> **EXERCISE DESCRIPTION**: Your task is to write out the entire listing exactly, omitting its pictures.

> **PROVIDED DATA**:
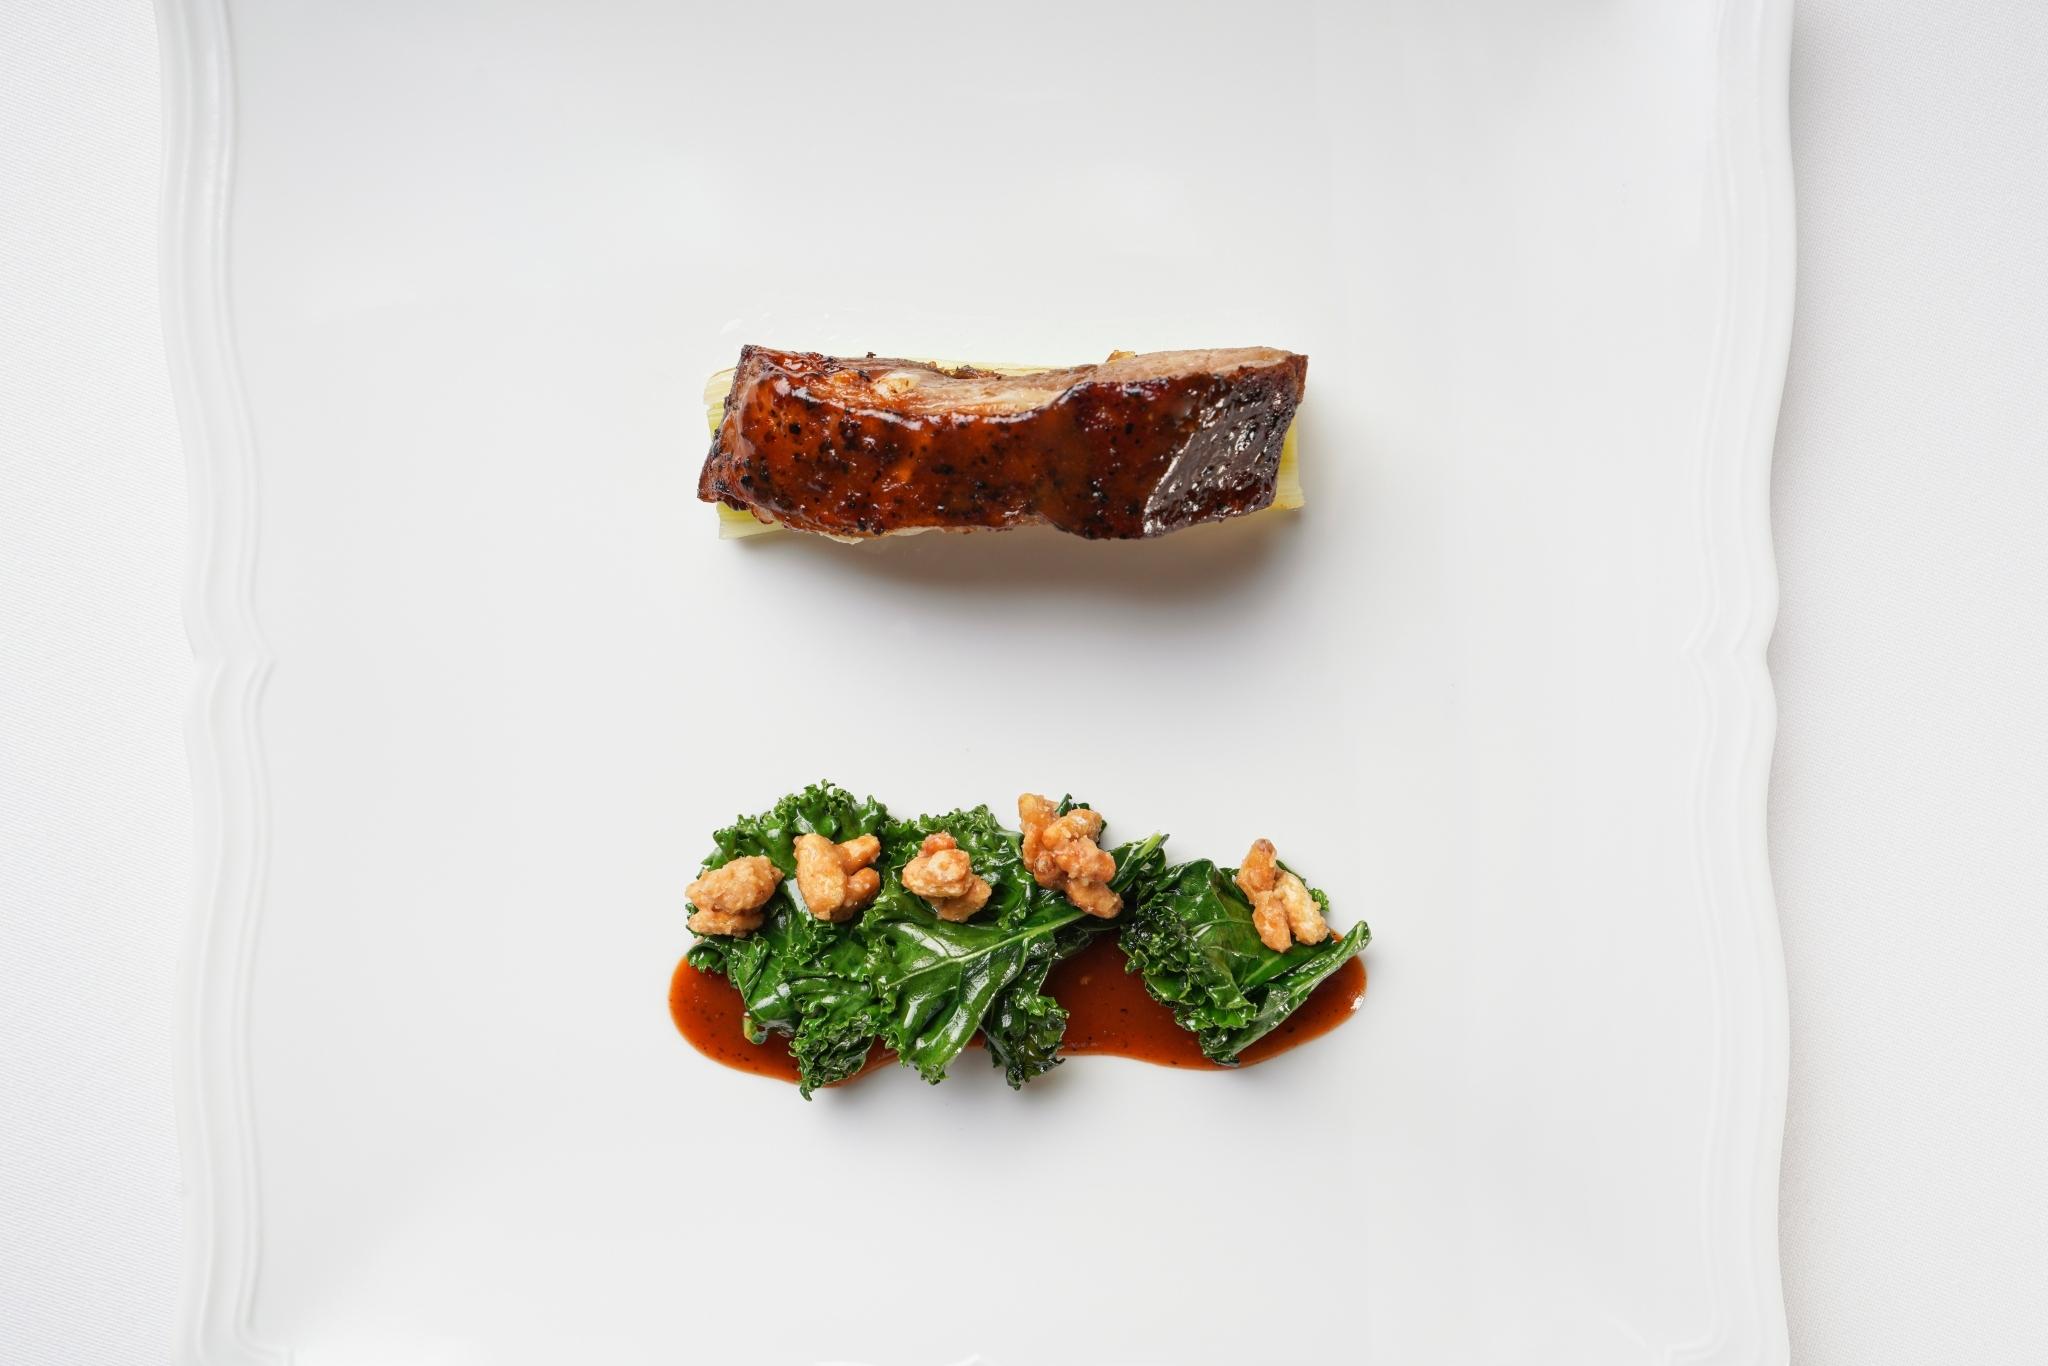 Castellana food
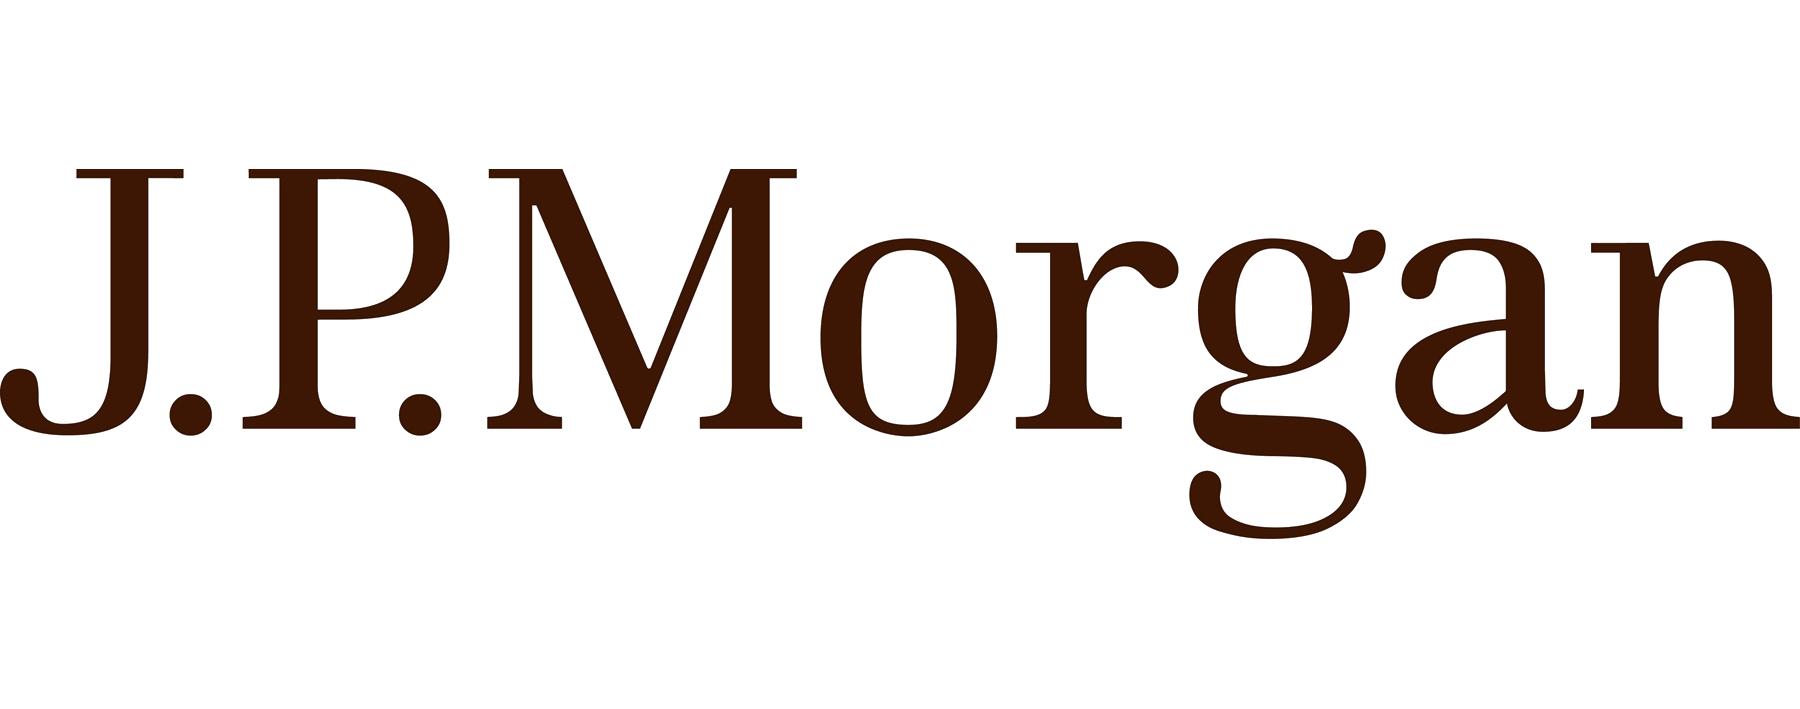 JPMorgan Chase Wave Analysis – 24 October, 2019
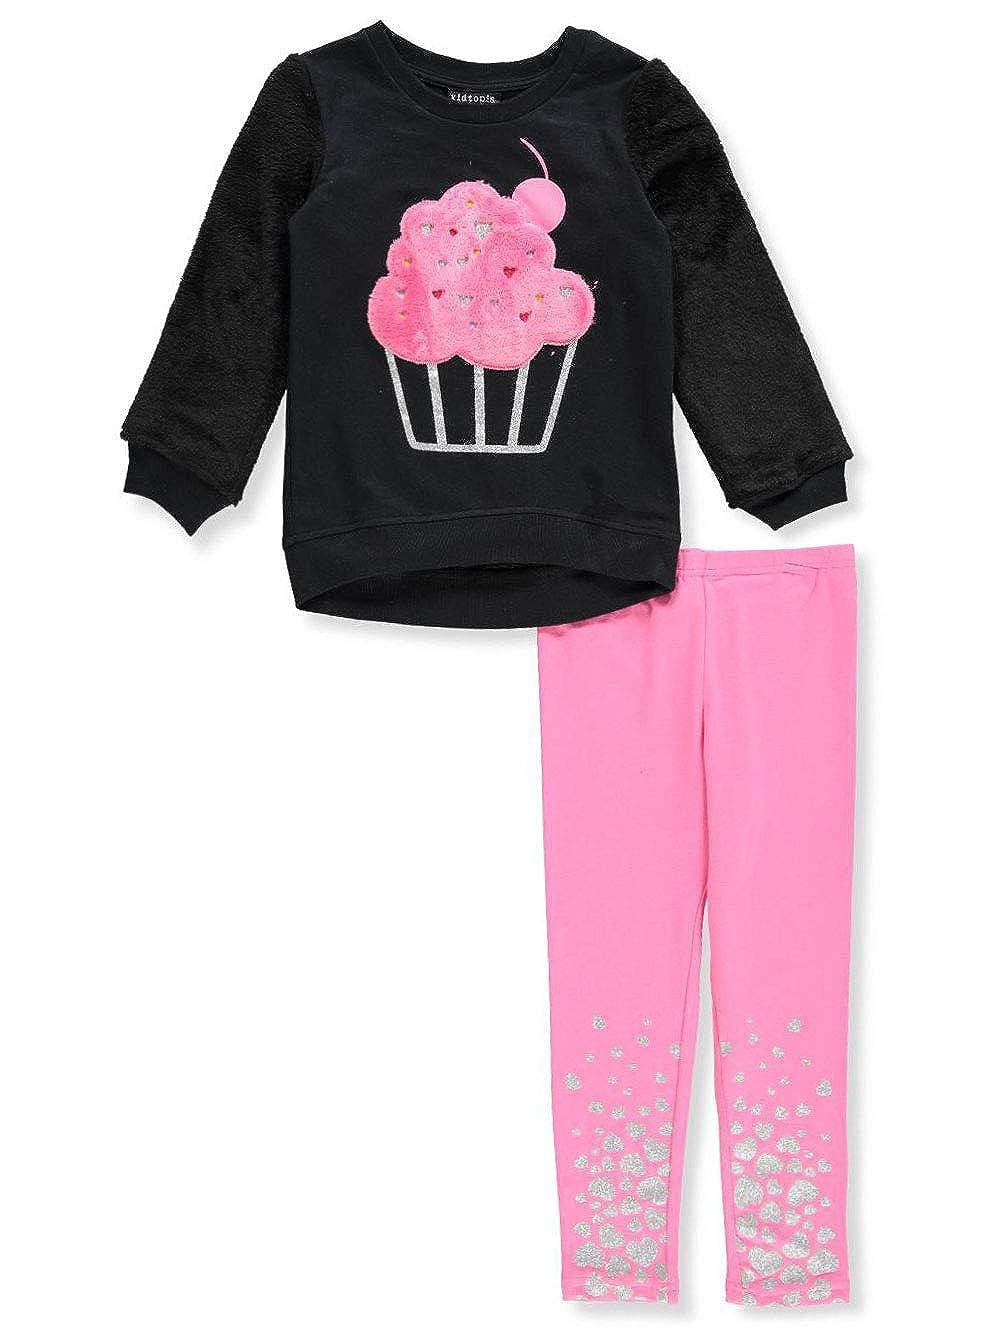 TOPSVI Kidtopia Girls' 2-Piece Leggings Set Outfit
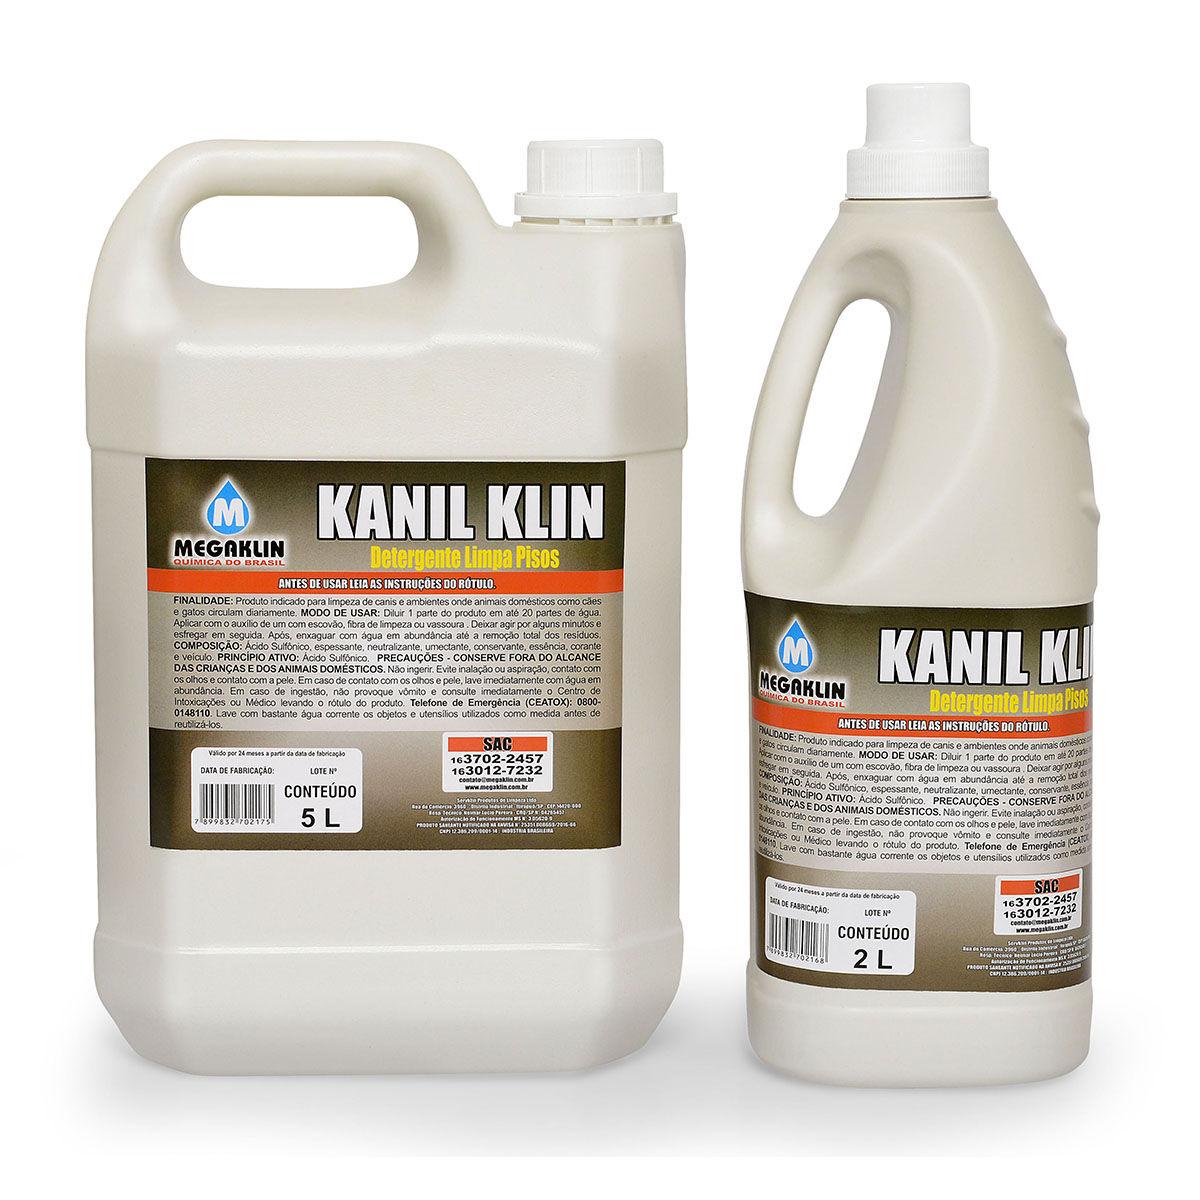 Detergente Limpa Pisos Kanil Klin Megaklin

> **TASK SOLUTION**:
 Castellana food
 JPMorgan Chase Wave Analysis – 24 October, 2019
 TOPSVI Kidtopia Girls' 2-Piece Leggings Set Outfit
 Detergente Limpa Pisos Kanil Klin Megaklin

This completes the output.